Likewise, the current opposition of many Democratic politicians to free-trade agreements like the Trans-Pacific Partnership reflects the residual influence of declining manufacturing unions within the party According to a March 2016 study by the Pew Research Center, by a margin of 56 percent to 38 percent, Democratic voters believe that free-trade agreements have been good for the U.S. Among Republicans, those numbers are almost reversed: by a 53 percent to 38 percent margin, a majority of Republicans believe free-trade has been a bad thing. Among younger Americans, who tend to prefer Democrats to Republicans, support for free trade is high: 67 percent of 18- to 29-year-olds say trade agreements are good for the country. Even progressives who campaign against trade deals feel obliged by the logic of ethical cosmopolitanism to justify their opposition in the name of the labor rights of foreign workers or the good of the global environment.

[1]Or perhaps the end of a 50-year-long realignment.

[2]Trump for sure, but remember that Bernie Sanders appeared first, in his quiet(er) way, giving voice to the frustrations of many. In a way, both sides of the same coin, hope and fear.

[3]Yes, I know he’d been saying the same things for decades, but that was the first I’d ever heard of him.
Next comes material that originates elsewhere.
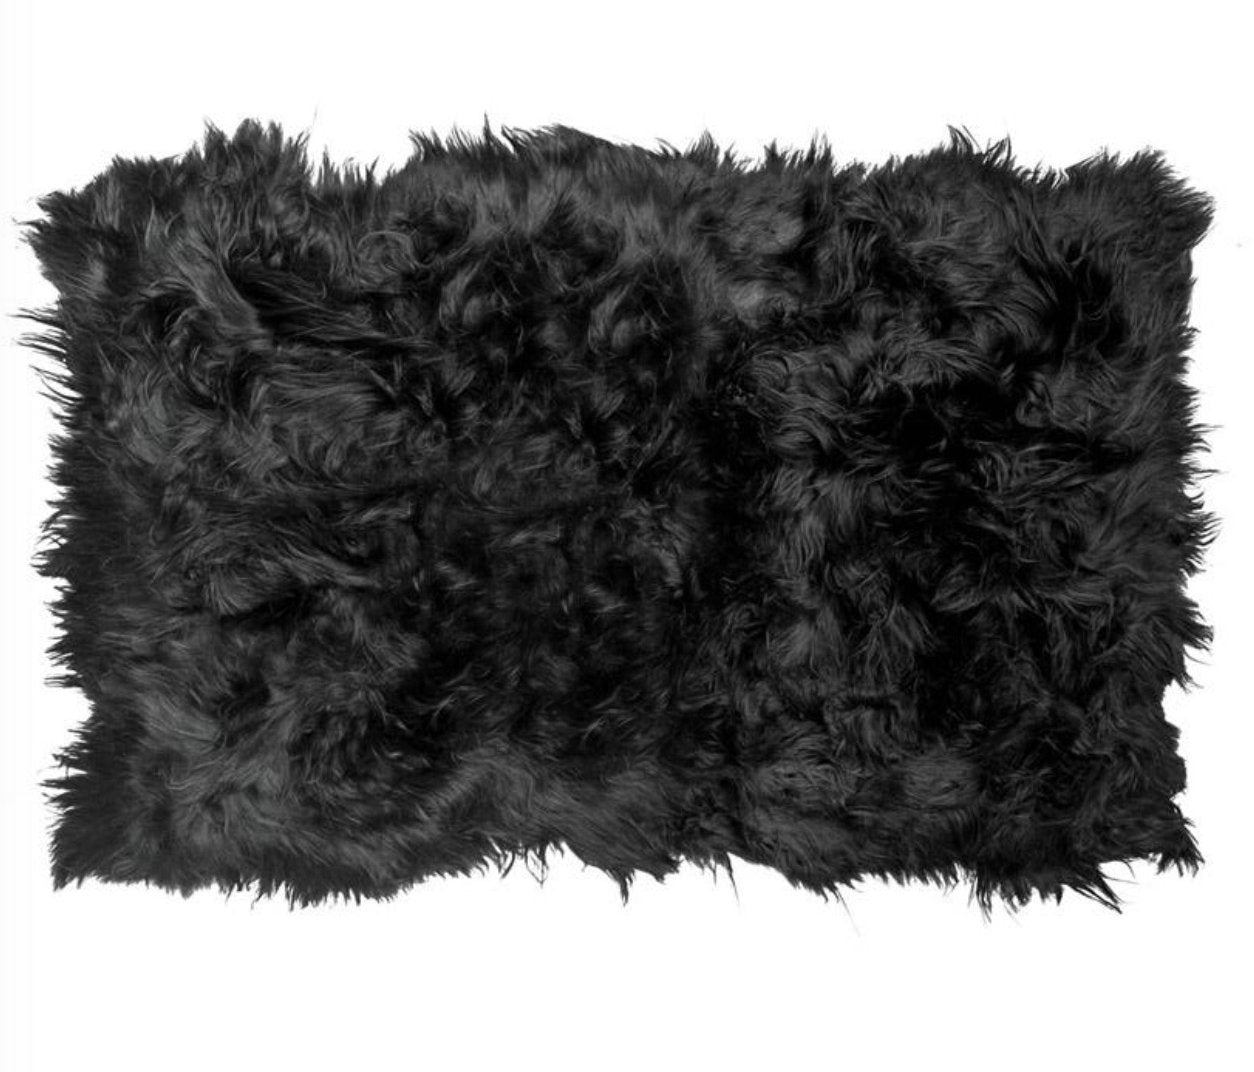 Icelandic Sheepskin Long Fur Rug 100% Natural Black Sheep Skin Throw ALL SIZES available Double, Triple, Quad, Penta, Sexto, Octo - Wildash London

[4]As Michael Brendan Dougherty writes in The Week:

“Chinese competition really did hammer the Rust Belt and parts of the great Appalachian ghetto. It made the life prospects for men — in marriage and in their careers — much dimmer than those of their fathers. Libertarian economists, standing giddily behind Republican politicians, celebrate this as creative destruction even as the collateral damage claims millions of formerly-secure livelihoods, and — almost as crucially — overall trust and respect in the nation’s governing class. Immigration really does change the calculus for native-born workers too. As David Frum points out last year:

[T]he Center for Immigration Studies released its latest jobs study. CIS, a research organization that tends to favor tight immigration policies, found that even now, almost seven years after the collapse of Lehman Brothers, 1.5 million fewer native-born Americans are working than in November 2007, the peak of the prior economic cycle. Balancing the 1.5 million fewer native-born Americans at work, there are two million more immigrants — legal and illegal — working in the United States today than in November 2007. All the net new jobs created since November 2007 have gone to immigrants. Meanwhile, millions of native-born Americans, especially men, have abandoned the job market altogether. [The Atlantic]


For decades, people have been warning that a set of policies that really has enriched Americans on the top, and likely has improved the overall quality of life (through cheap consumables) on the bottom, has hollowed out the middle.

[5]The other reasons are generally sexism.

[6]This would either be a terrific or terrible band.